Definition df-cleq 2615

Description: Define the equality connective between classes. Definition 2.7 of [Quine] p. 18. Also Definition 4.5 of [TakeutiZaring] p. 13; Chapter 4 provides its justification and methods for eliminating it. Note that its elimination will not necessarily result in a single wff in the original language but possibly a "scheme" of wffs.

This is an example of a somewhat "risky" definition, meaning that it has a more complex than usual soundness justification (outside of Metamath), because it "overloads" or reuses the existing equality symbol rather than introducing a new symbol. This allows us to make statements that may not hold for the original symbol. For example, it permits us to deduce y = z <-> A. x ( x e. y <-> x e. z ), which is not a theorem of logic but rather presupposes the Axiom of Extensionality (see theorem axext4 2606). We therefore include this axiom as a hypothesis, so that the use of Extensionality is properly indicated.

See also comments under df-clab 2609, df-clel 2618, and abeq2 2732.

In the form of dfcleq 2616, this is called the "axiom of extensionality" by [Levy] p. 338, who treats the theory of classes as an extralogical extension to our logic and set theory axioms.
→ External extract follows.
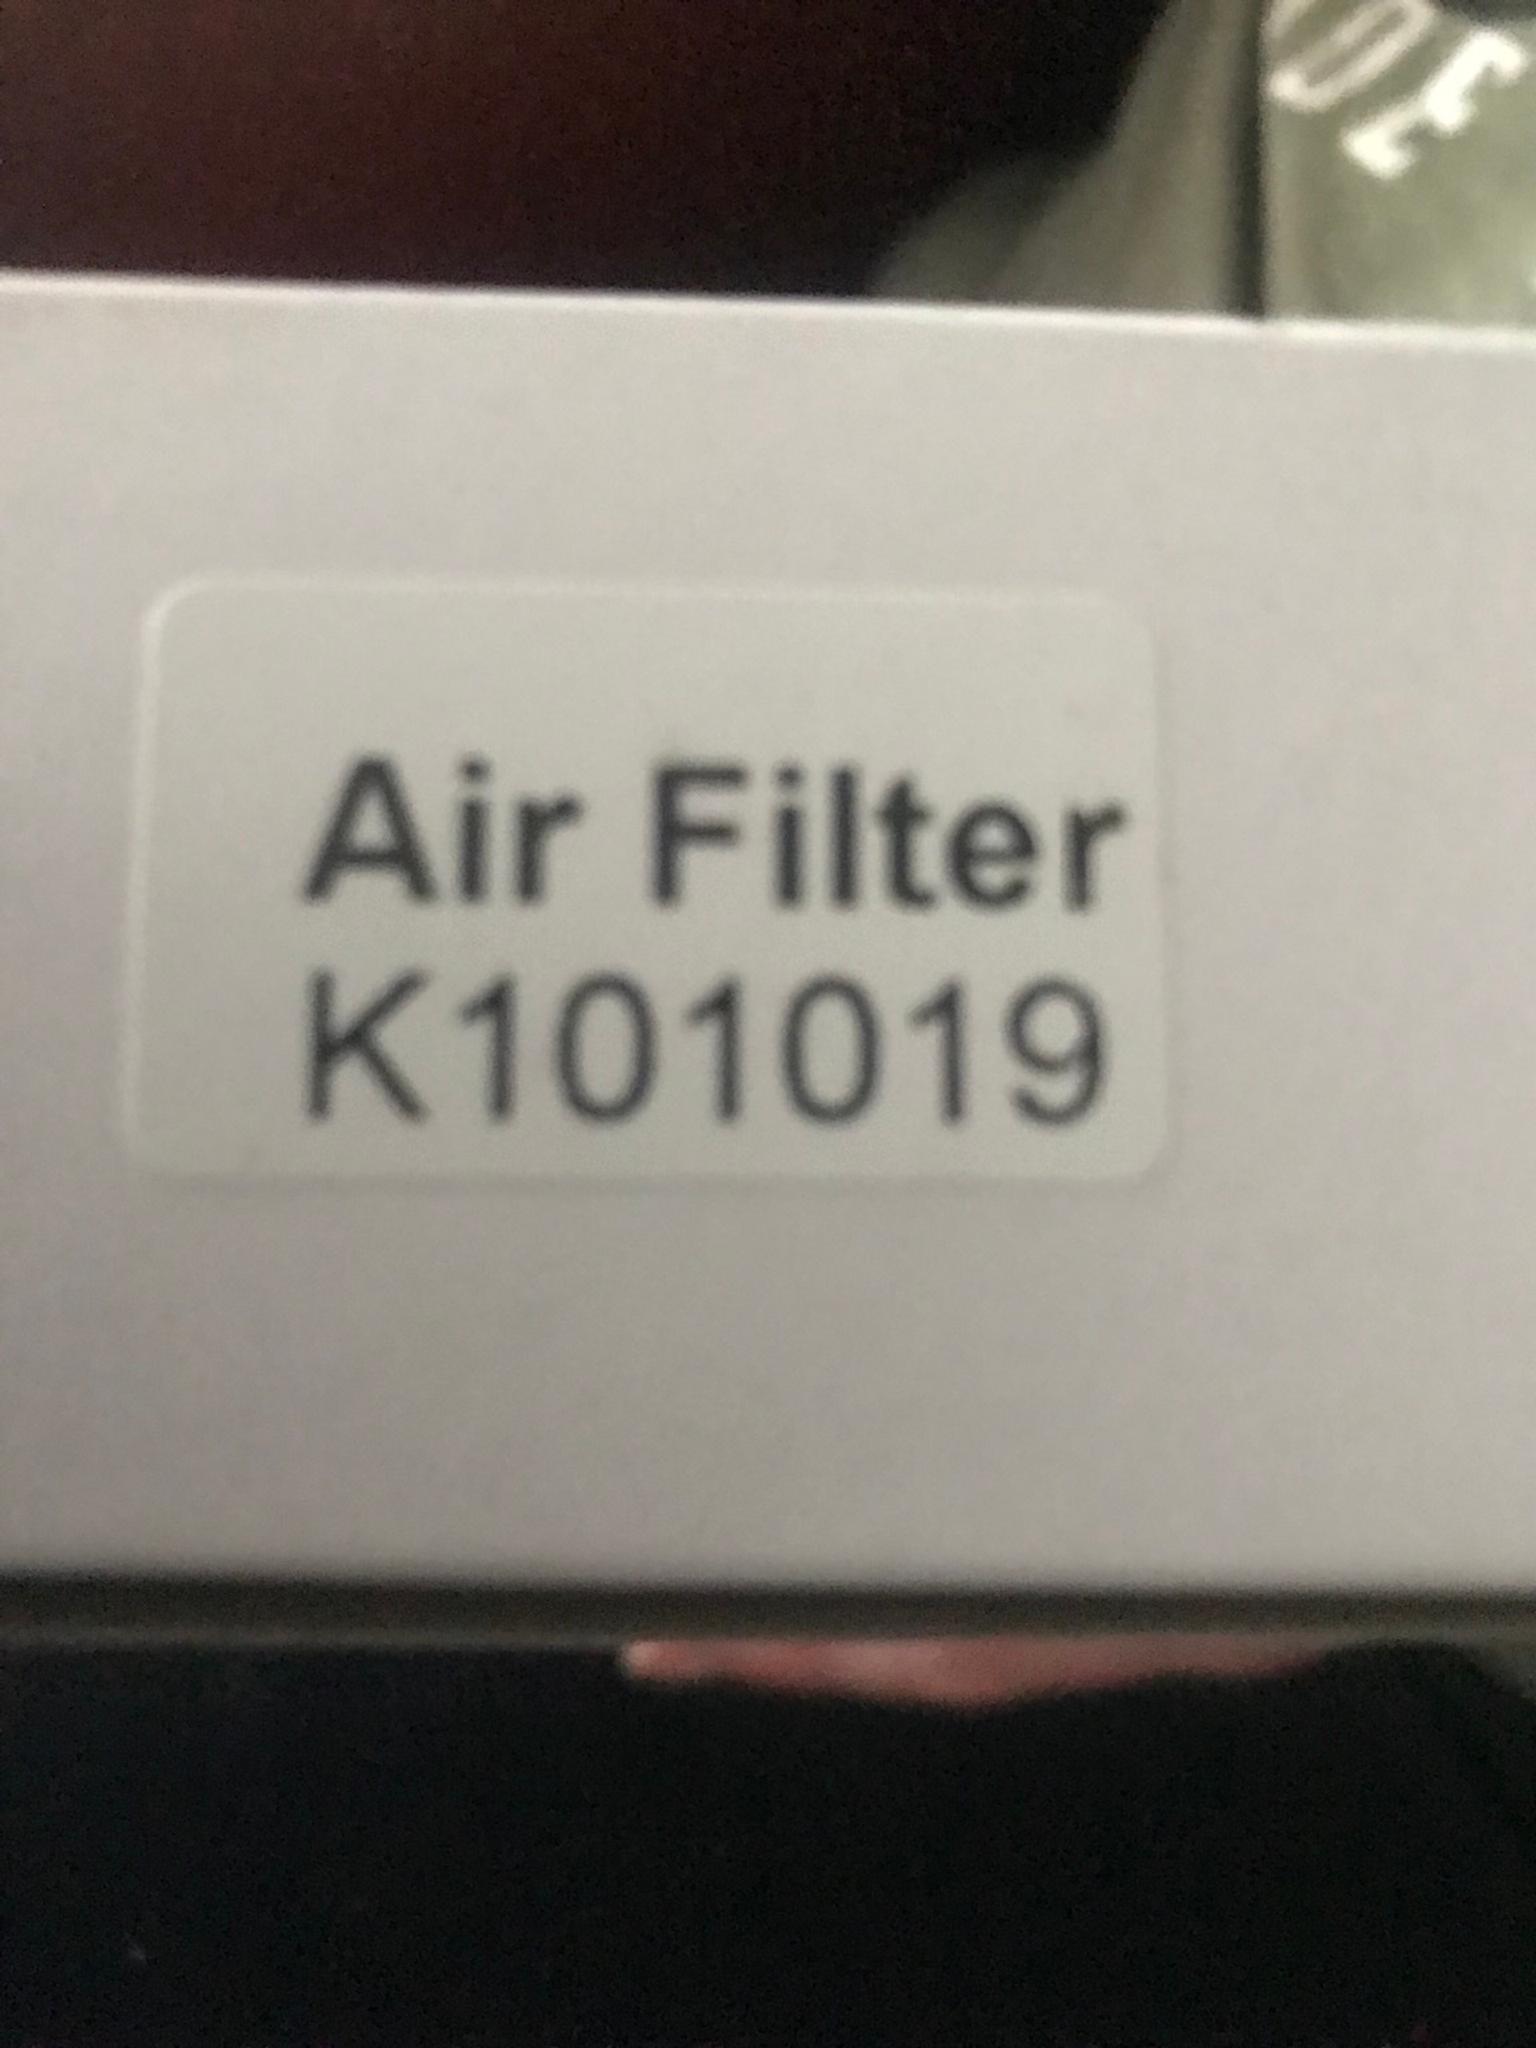 Kia Picanto Air Filter Solid Auto K101019 1.0 1.1
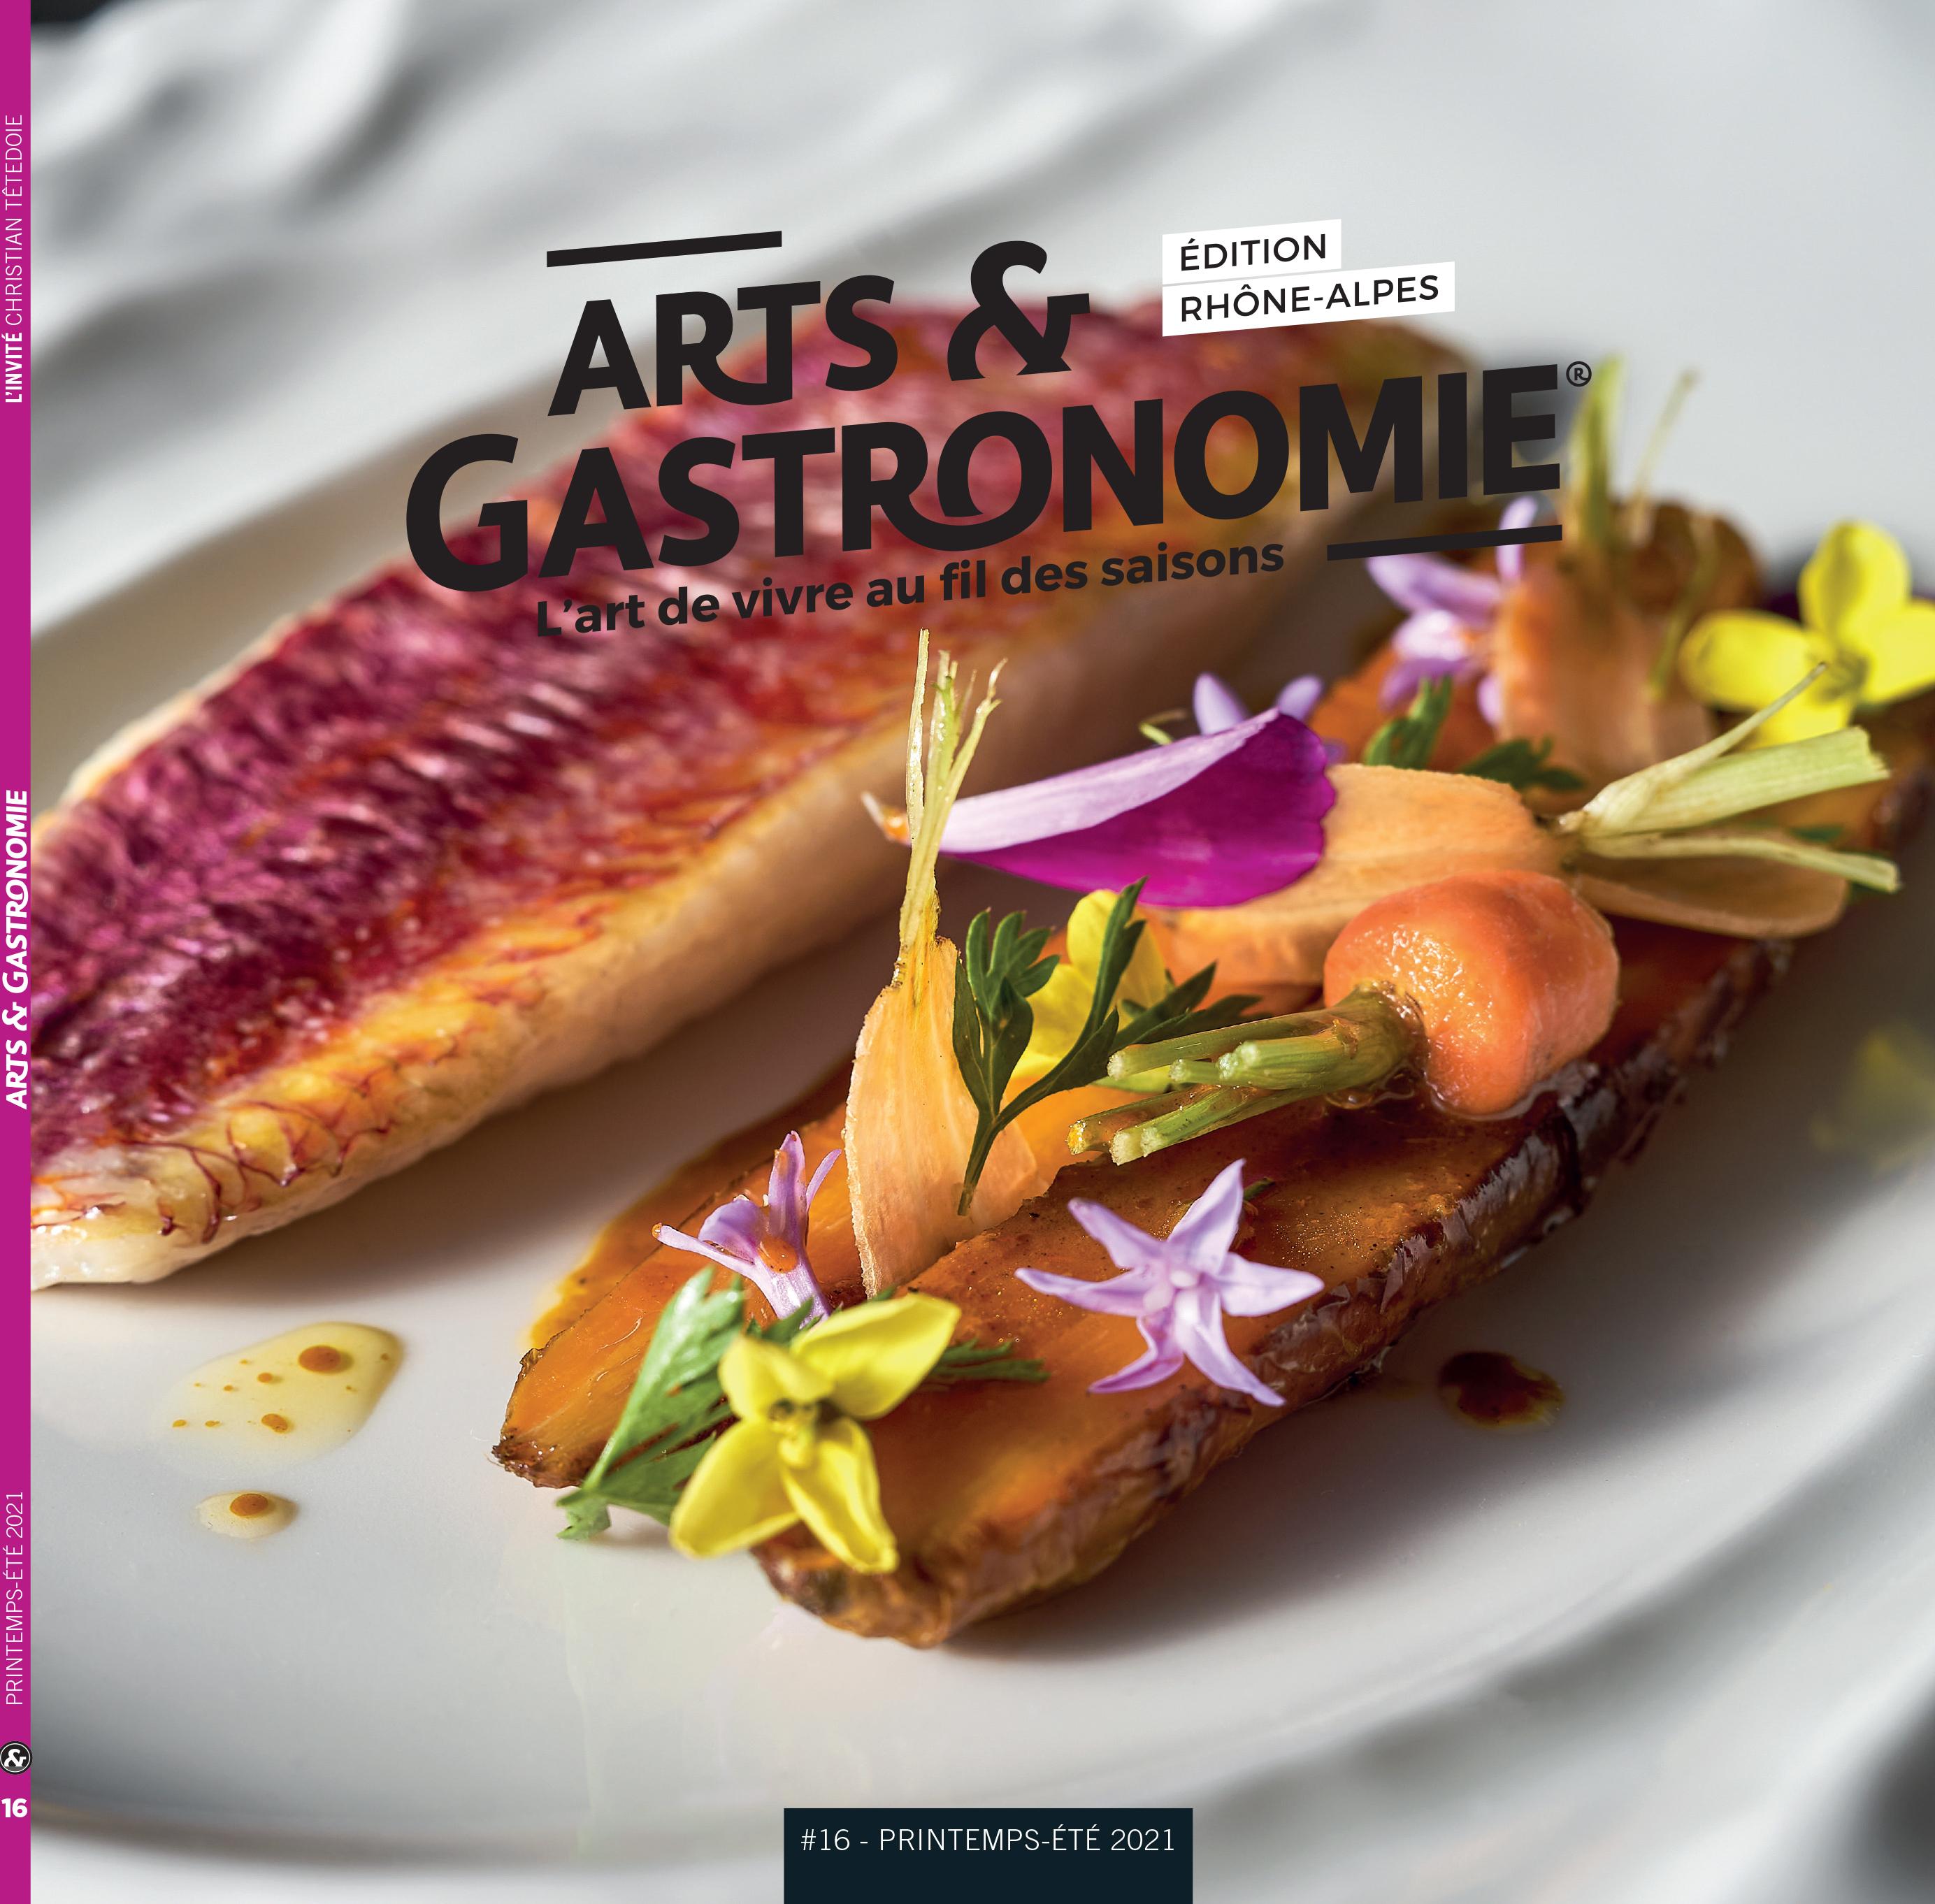 Art & Gastronomie

While the three class definitions df-clab 2609, df-cleq 2615, and df-clel 2618 are eliminable and conservative and thus meet the requirements for sound definitions, they are technically axioms in that they do not satisfy the requirements for the current definition checker. The proofs of conservativity require external justification that is beyond the scope of the definition checker.

For a general discussion of the theory of classes, see mmset.html#class. (Contributed by NM, 15-Sep-1993.)

Hypothesis

Ref	Expression
df-cleq.1	|- ( A. x ( x e. y <-> x e. z ) -> y = z )

Assertion

Ref	Expression
df-cleq	|- ( A = B <-> A. x ( x e. A <-> x e. B ) )

Distinct variable groups:   x, A   x, B   x, y, z

Allowed substitution hints:   A( y, z)   B( y, z)

Detailed syntax breakdown of Definition df-cleq

Step	Hyp	Ref	Expression
1		cA	. . 3 class A
2		cB	. . 3 class B
3	1, 2	wceq 1483	. 2 wff A = B
4		vx	. . . . . 6 setvar x
5	4	cv 1482	. . . . 5 class x
6	5, 1	wcel 1990	. . . 4 wff x e. A
7	5, 2	wcel 1990	. . . 4 wff x e. B
8	6, 7	wb 196	. . 3 wff ( x e. A <-> x e. B )
9	8, 4	wal 1481	. 2 wff A. x ( x e. A <-> x e. B )
10	3, 9	wb 196	1 wff ( A = B <-> A. x ( x e. A <-> x e. B ) )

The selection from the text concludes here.